Role of TonEBP in Embryological and Fetal Development

TonEBP is required for mouse embryonic development and survival. TonEBP-null mice die prenatally or late in gestation (18, 39), and studies report that TonEBP-null mouse embryos have pronounced kidney medulla atrophy, are immunodeficient and hypernatremic, and suffer from improper heart development and impaired cardiac function (7, 39, 44). Increased TonEBP expression and localization of the protein in wild-type mice during embryonic development suggests that TonEBP plays a role during embryogenesis and fetal maturation (45). TonEBP expression is high in the brain and lens at embryonic day 10.5, upregulated in the liver by day 12.5, and is ubiquitously expressed throughout in the embryo by day 17.5 (45). It could be hypothesized that the process of rapid cellular division that occurs during embryogenesis and fetal development would generate an osmotic imbalance and subsequently activate TonEBP protein, but the osmolality levels surrounding the embryo in vivo remain undetermined. However, in vitro experiments have been performed in an effort to determine the optimal growth medium osmolality for embryonic development. One study determined that during the early stages of porcine embryonic development, embryos cultured in increased NaCl solutions (300–320 mosmol/kg) showed a more rapid rate of growth and decreased apoptosis compared with embryos in control media (260–270 mosmol/kg) (28). However, another similar study found the opposite to be true, that when rabbit embryos were cultured in a more isotonic media (270 mosmol/kg), there was increased blastocyst growth and development compared with embryos cultured in hypertonic (310 to 330 mosmol/kg) media (55). Additionally, a study conducted in humans showed that as human fetal age increases, amniotic fluid osmolality decreases, and amniotic fluid osmolalities of 250 mosmol/kg mark fetal maturity (51). Although these studies describe how alterations in systemic tonicity affect embryogenesis, they do not address the local osmotic imbalances that could possibly develop within the embryo due to differing cellular permeability in various stages of development. While systemic and local hyperosmolality may very well play a role in certain stages of embryonic development, the potential remains for other tonicity-independent mechanisms to regulate TonEBP expression during embryogenesis and fetal maturation.

Two papers provide such evidence for the tonicity-independent regulation of TonEBP-driven gene expression in embryonic cells (17, 22). Wild-type (WT) and TonEBP-null mouse embryonic fibroblasts (MEFs) were taken from day 13.5 embryos, cultured in isotonic media, and stimulated with the calcium ionophore ionomycin and PMA. After ionomycin stimulation, WT MEFs exhibited increased promoter activity levels of two TonEBP-dependent genes aquaporin2 (AQP2)and β1,3-glucuroosyltransferase-I (GlcAT-I), whereas TonEBP-null MEFs displayed blunted AQP2 and GlcAT-I promoter activity (17, 22). Similarly, experiments modeling smooth muscle cell (SMC) differentiation from a multipotent cell line provide evidence for TonEBP regulation of cellular differentiation in an isotonic environment (19). A404 multipotent embryonal cells were cultured in isotonic media and treated with retinoic acid over a period of 7 days to direct the cells toward a SMC lineage (9). As SMC differentiation progressed over 7 days, TonEBP mRNA expression increased (19). Additionally, small interfering RNA (siRNA) knockdown of TonEBP in the A404 cell line led to the attenuated expression of a TonEBP-dependent gene required for proper SMC function, smooth muscle α-actin (SMαA) (19). The first two studies demonstrate that calcium regulates TonEBP target gene expression in embryonic fibroblasts, whereas the last study shows that TonEBP expression and downstream gene transcription can take place in isotonic conditions during cellular differentiation. These findings suggest a critical role for the tonicity-independent stimulation of TonEBP in embryological development.

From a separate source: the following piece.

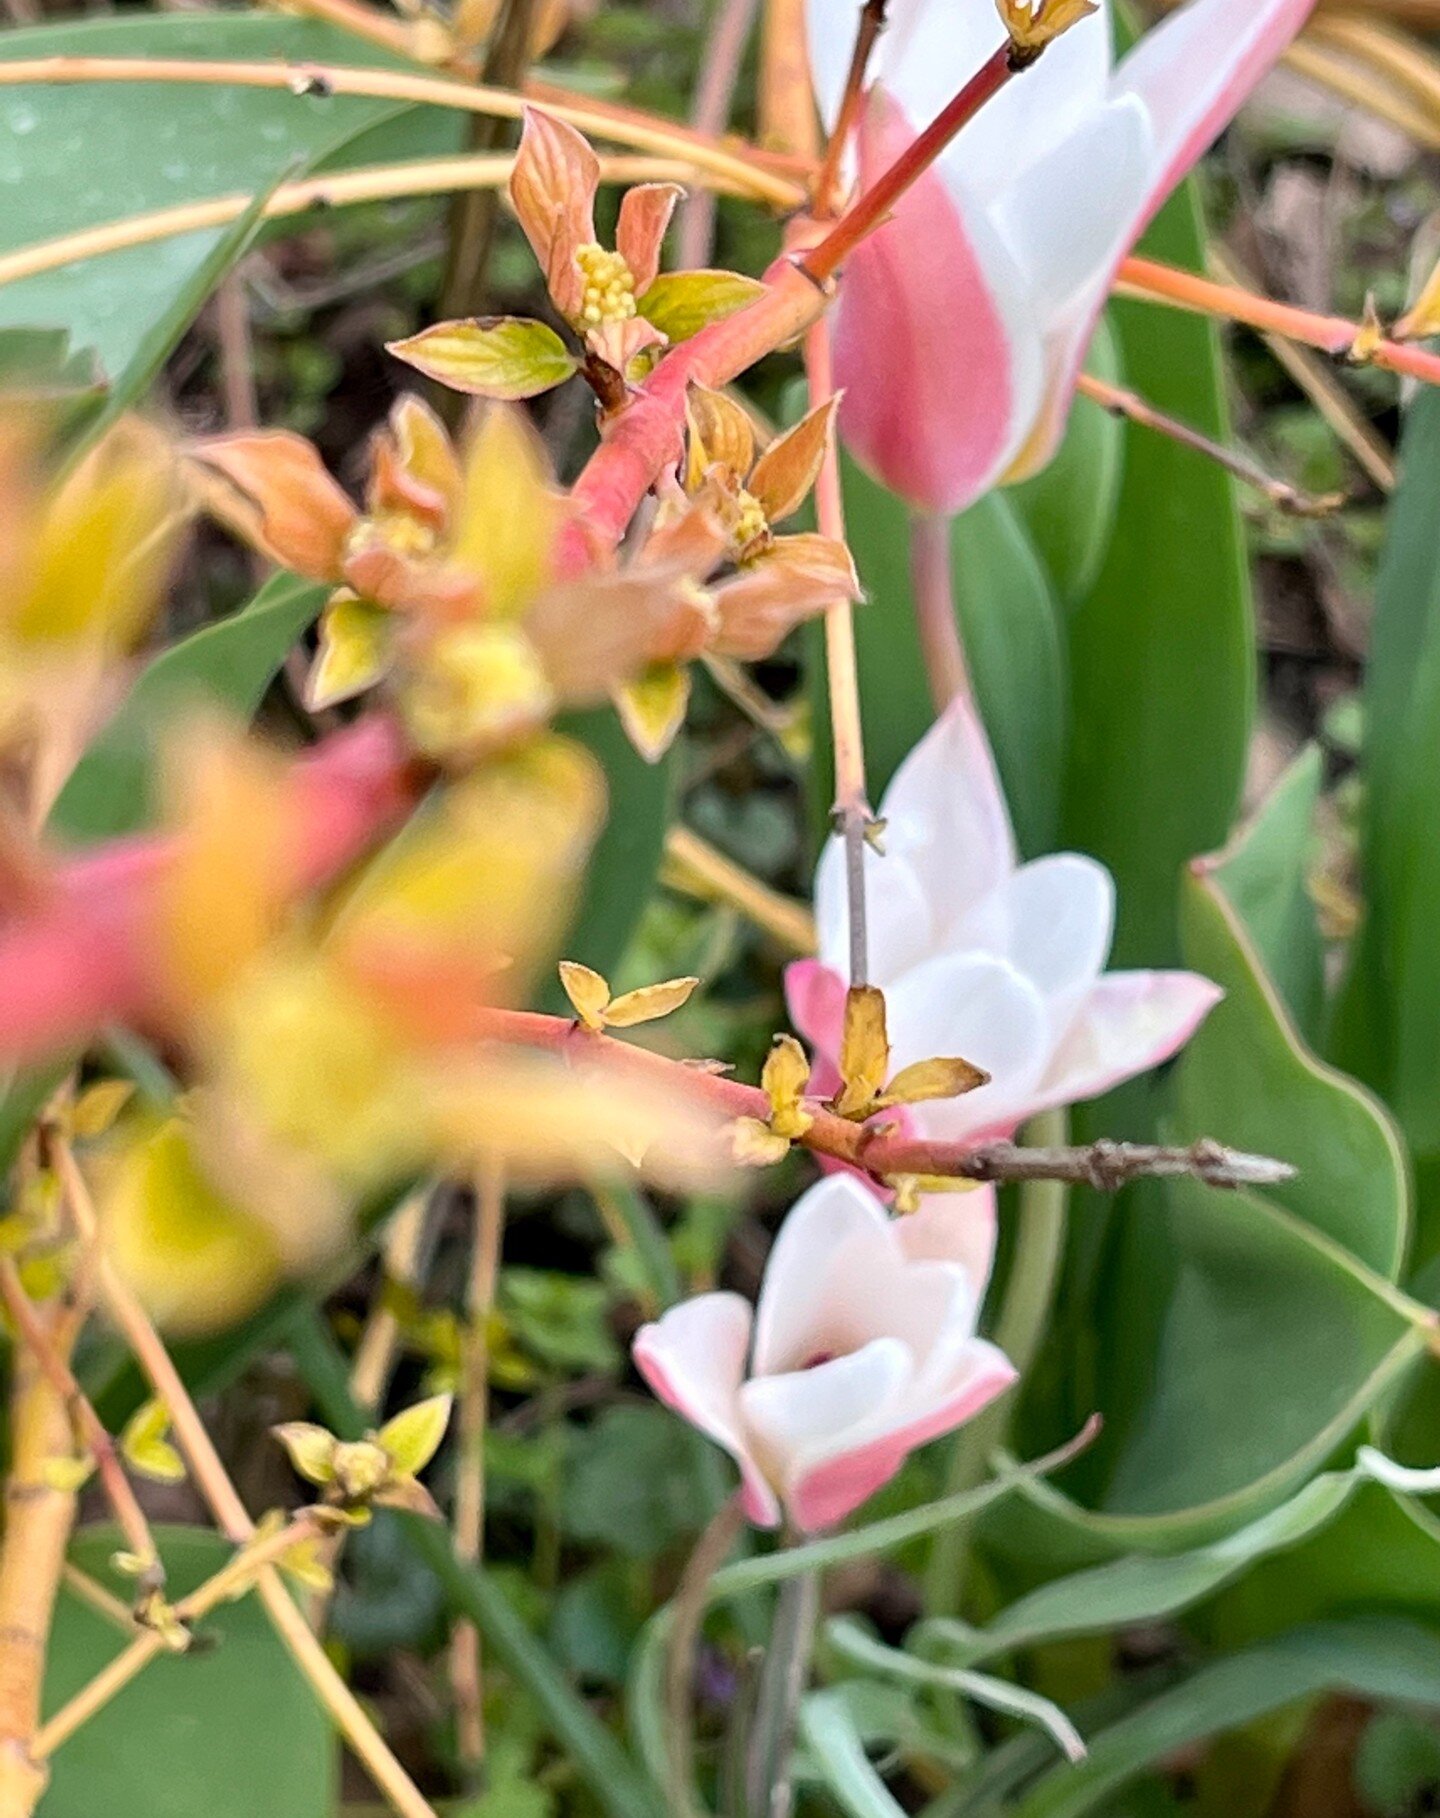 Wildtulpen (Tulipa sylvestris) sind wahre Natursch&ouml;nheiten! Diese zarten und farbenfrohen Blumen sind in verschiedenen T&ouml;nen von Gelb bis Wei&szlig; erh&auml;ltlich und verzaubern mit ihren sternf&ouml;rmigen Bl&uuml;ten. Ihre robuste Natur

Tonicity-Independent Activation of TonEBP in T-Cells

The thymus is avital organ for the development and maturation of T-cells, and it provides a tightly controlled environment for immature thymocytes to develop into mature T-cells and be released into the peripheral tissues (58). Vapor pressure osmometry measurements have recorded basal thymus tissue osmolality as reaching levels of 330 mosmol/kg, which is significantly higher relative to serum osmolality measured at 305 mosmol/kg (18). It has been hypothesized that a localized environment of extracellular hypertonicity in the thymus could be caused by the high concentration of lymphocytes undergoing apoptosis during T-cell selection (68). A similar hyperosmotic environment can be found in the spleen, a site for T-cell storage, with values reaching 335 mosmol/kg (18). Although these slightly hypertonic tissues display significantly enhanced osmolality compared with serum, additional studies show that these tonicity levels may not be sufficient to engender an osmotic stress response resulting in TonEBP activation. For example, TonEBP is required for T-cell survival and proliferation during periods of high osmotic stress, but osmolality levels in these experiments reached 360–500 mosmol/kg before significant T-cell impairment could be measured (14, 18, 54). These levels are well above the calculated osmolality of the thymus and spleen (330 and 335 mosmol/kg, respectively) (18). Studies utilizing haplo insufficient TonEBP mice report that TonEBP+/− lymphocytes proliferate normally at 330–335 mosmol/kg, and it is only when osmolalities are >360 mosmol/kg that proliferation is impaired (18). Similarly, T-cells taken from a TonEBP-null mouse and transferred into a WT thymus were found to proliferate normally, even despite the slightly higher osmolality of the thymus (7). These data imply that the thymus and spleen do not provide a large enough hypertonic insult to impair lymphocyte function, which suggests that alternate mechanisms exist to stimulate TonEBP in T-cells.

The discovery that TonEBP expression was elevated in the thymus but relatively undetectable in unstimulated mature T-cells led to the identification of a tonicity-independent mechanism for TonEBP activation in T-cells (69). Trama et al. report that cross-linking of the T-cell receptor (TCR) and resulting T-cell mitogenesis induces TonEBP protein expression in primary T lymphocytes and Jurkat human T-cells (69). This TCR-mediated induction of TonEBP expression is distinct from the hyperosmotic activation of TonEBP in T-cells in that it involves the calcium/calcineurin signaling cascade and is blocked by the calcineurin inhibitors cyclosporine A (CsA) and FK506 (69). Of note, TCR stimulation of TonEBP does not affect gene transcription of hyperosmotically stimulated genes such as AR and tumor necrosis factor-α (TNF-α) (15, 68, 69). This suggests that receptor-dependent induction of TonEBP serves a separate function from tonicity-dependent stimulation of TonEBP in T-cells. Trama et al. (69) additionally show that treatment of T-cells with the calcium ionophore ionomycin + PMA leads to enhanced TonEBP expression and transcription factor activity mediated through the calcineurin pathway. These results provide the first evidence of calcium-mediated regulation of TonEBP. While it is still undetermined, both TCR and calcium stimulation of TonEBP may play a role in T-cell development or proliferation in varying environmental conditions. Future research will be necessary to uncover the functional role of TCR and calcium-mediated activation of TonEBP and determine the subset of TonEBP-dependent genes regulated by these unique mechanisms of activation (Fig. 1).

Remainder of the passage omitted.